Wind farm developments have had no effect on the number of people employed in the tourism industry where they are located, the first independent study of its kind has found.
The research, published by BiGGAR Economics, studied 18 wind farm sites across Scotland, and looked at the number of people employed in tourism in the local area before and after they were developed.
It found some of the local authority areas with the greatest growth in tourism employment also saw the greatest rise in onshore wind installations. However there was no overall relationship between the two factors.
Between 2009 and 2013, the level of employment in tourism in Scotland increased by 10.8% during a time when the onshore wind sector in Scotland was growing rapidly.
In the majority of areas studied (66%) sustainable tourism employment performed better in areas surrounding wind farms than in the wider local authority area.
Graeme Blackett, Director of BiGGAR Economics and report author, said: “Both renewable energy and tourism have been identified by the Scottish Government as key growth sectors, and therefore it is important to identify if there are any detrimental effects to one from the development of the other.
“What this study shows is that there is no relationship between the growth in the onshore wind sector and growth in the tourism sector.
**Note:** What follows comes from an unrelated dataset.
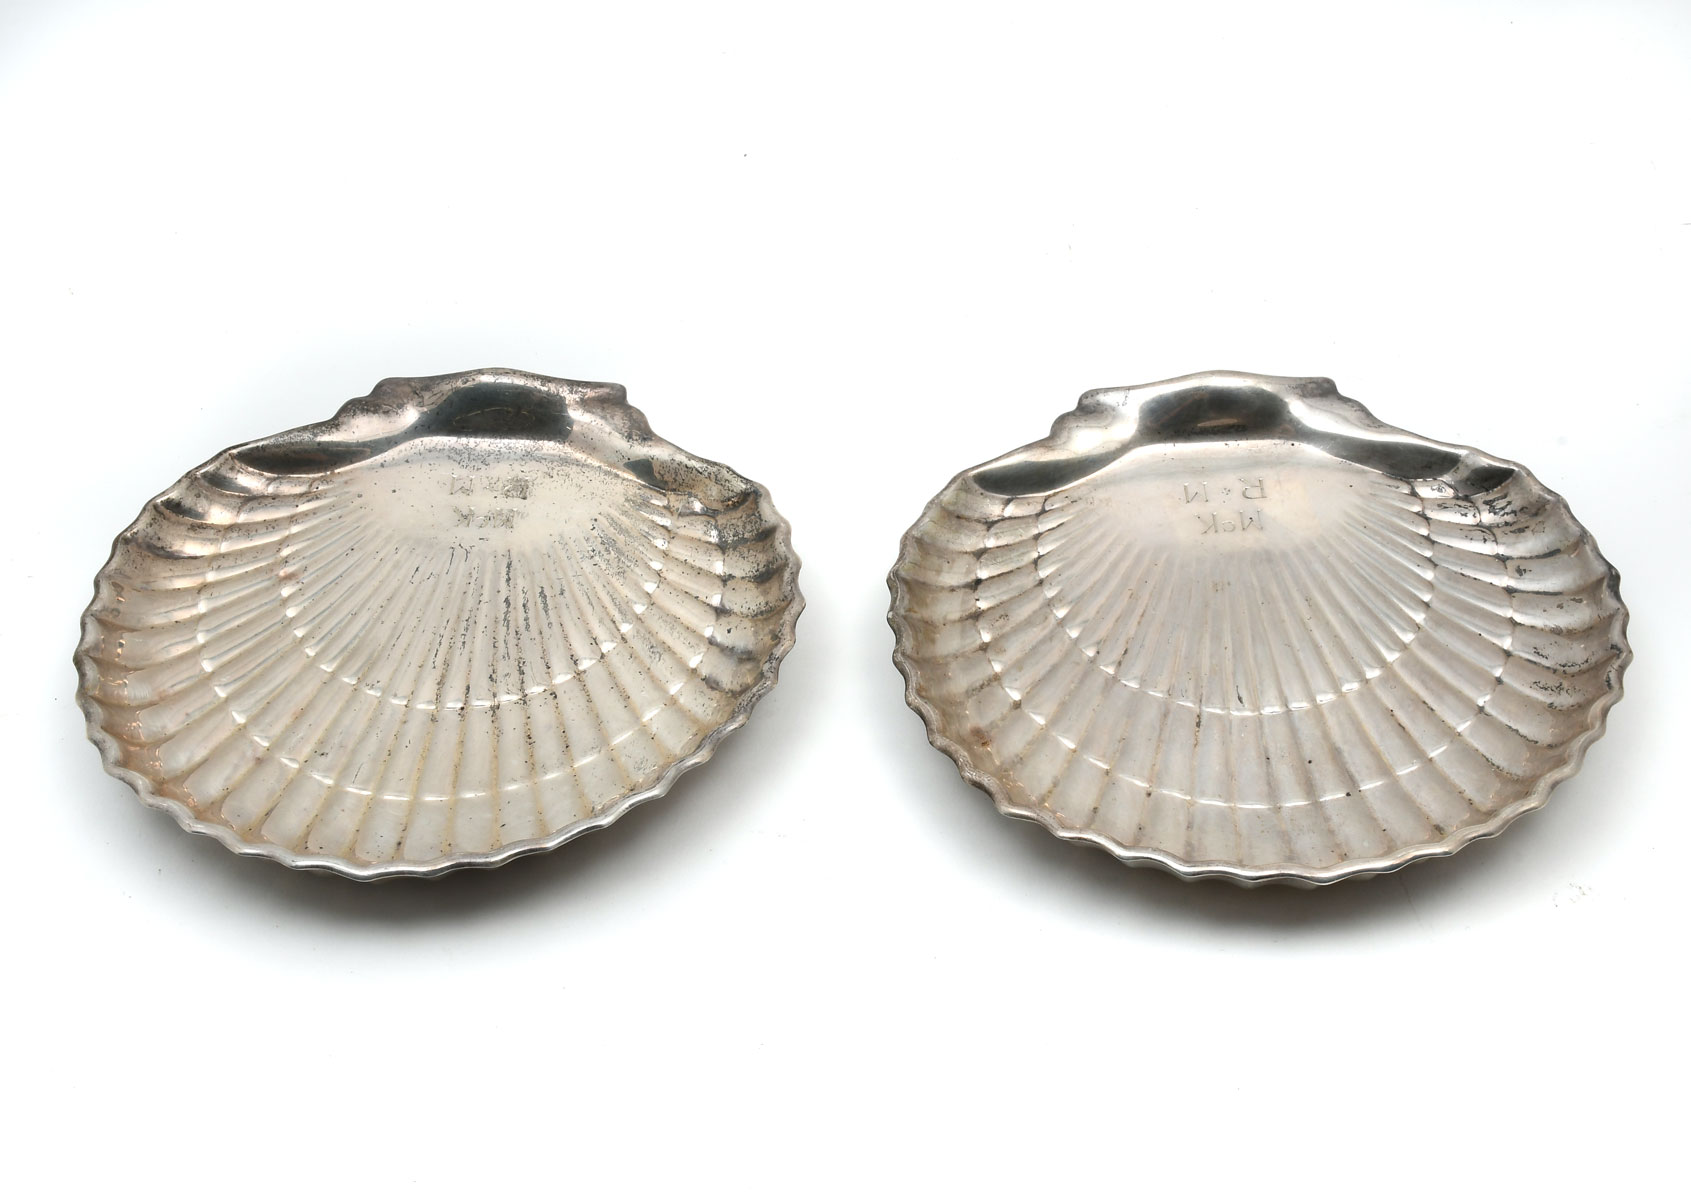 2 GORHAM STERLING SHELL FORM TRAYS  274d4f

“While this is just one piece of research, it is the first that has looked systematically at the situation before and after wind farms have been developed, and it clearly demonstrates that renewable energy and tourism can co-exist in a modern Scotland.”
Analysis of the Business Register and Employment Survey, produced by the Office of National Statistics, indicates that overall in Scotland in 2013 there were 211,215 jobs in sustainable tourism.
Figures from the Department for Business, Innovation & Skills in the same year showed renewable energy supports 21,000 jobs in Scotland, 5,400 of which were in onshore wind.
Welcoming the research by BiGGAR Economics published today, WWF Scotland director Lang Banks said: “Hopefully this latest research will finally put to bed the myth that wind farms have a negative impact on tourism jobs. In fact the reality is that in some cases wind farms have themselves become tourist attractions.
“Over the past decade, Scotland’s growth in renewables has created thousands of new jobs. And, to ensure we continue to reap the many benefits of a low carbon economy the Scottish Government’s forthcoming energy strategy should set a goal of securing half of all of our energy, across electricity, heat and transport, from renewables by 2030.”